The expand module is the first analysis step in the metaQuantome analysis workflow, and can be run to analyze differently expressed Taxa in the samples. In taxonomy mode, the following information is required apart from metaQuantome databases and samples file: a tab-separated taxonomy annotation file, with a peptide column and a taxonomy annotation column.

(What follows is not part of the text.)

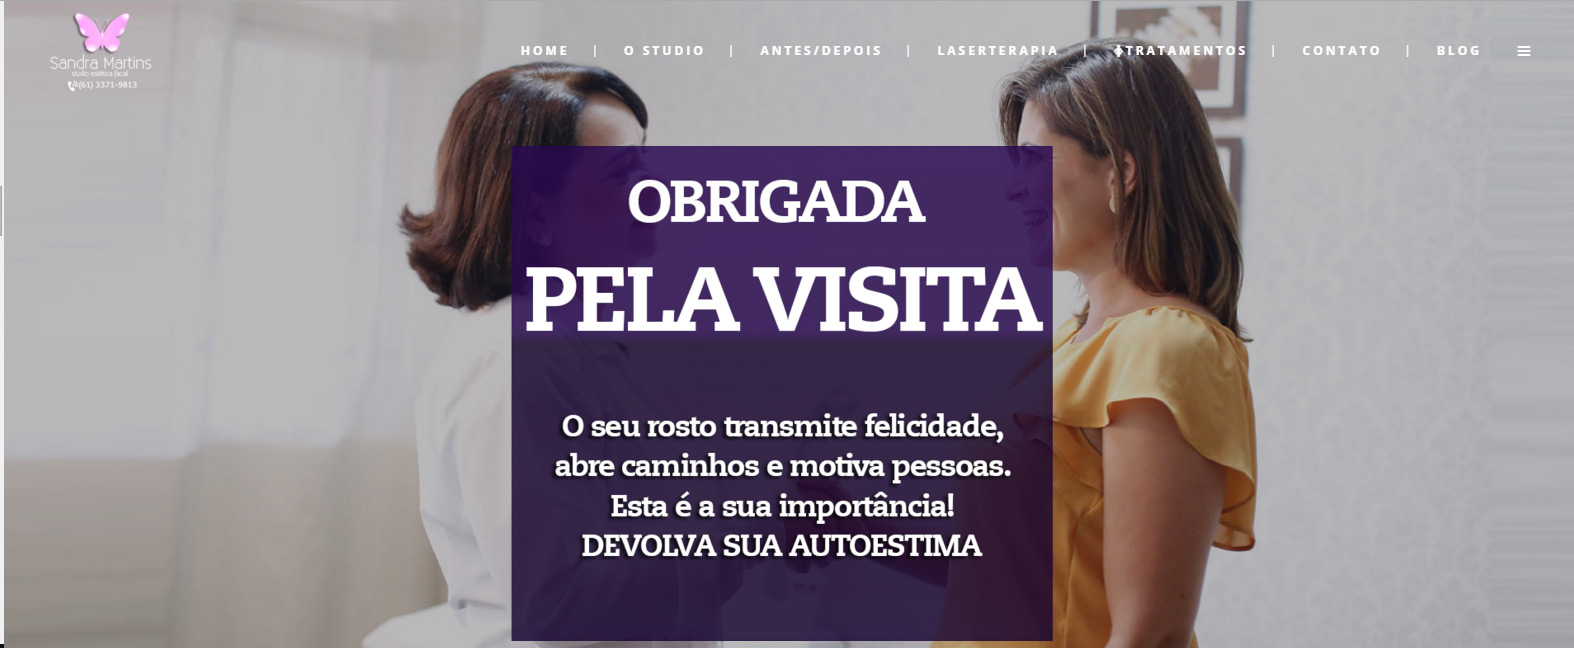 fotografia-publicitaria-linha-editorial-3

The taxonomic annotations should be the lowest common ancestor (LCA) for each peptide, preferably given as NCBI taxonomy IDs.

The name of the peptide column in the taxonomic annotation file (peptide)
The name of the taxonomy annotation column in the taxonomy annotation file (taxon_id)
The name of the peptide column in the Intensity file (peptide)

Hands On: Run metaQuantome expand

metaQuantome: expand ( Galaxy version 2.0.0-0) with the following parameters:

param-file “Database Archive File”: metaQuantome databases (output of metaQuantome: database tool)

param-file “Samples file”: metaQuantome: create samples_file (output of metaQuantome: create samples file tool)

“Mode”: Taxonomic analysis

param-file “Taxonomy file”: Taxonomy File (Input dataset)

“Taxonomy file: peptide column name”: peptide

“Taxonomy column name”: taxon_id

param-file “Intensity file”: Intensity File (Input dataset)

“Intensity file: peptide column name”: peptide

Rename galaxy-pencil the output file to metaQuantome expand.

Comment

The structure of the output file depends on the analysis mode and the experimental design, but the columns generally look like this, with one row for each term:

term id info about term. (one or more columns) mean term intensity (by sample group) term intensity (by sample) number of unique peptides (by sample) number of sample children in each sample

term1 name, rank, etc. note that this is the log2 of the mean intensity this is the log2 of term intensity in each sample. Missing data is coded as NA. integer. 0 is coded as NA integer. 0 is coded as NA

term id	info about term. (one or more columns)	mean term intensity (by sample group)	term intensity (by sample)	number of unique peptides (by sample)	number of sample children in each sample
term1	name, rank, etc.	note that this is the log2 of the mean intensity	this is the log2 of term intensity in each sample. Missing data is coded as NA.	integer. 0 is coded as NA	integer. 0 is coded as NA

metaQuantome: filter

The filter module is the second step in the metaQuantome workflow. The filter module filters the expanded terms to those that are representative of the data according to the sample parameters the user has specified.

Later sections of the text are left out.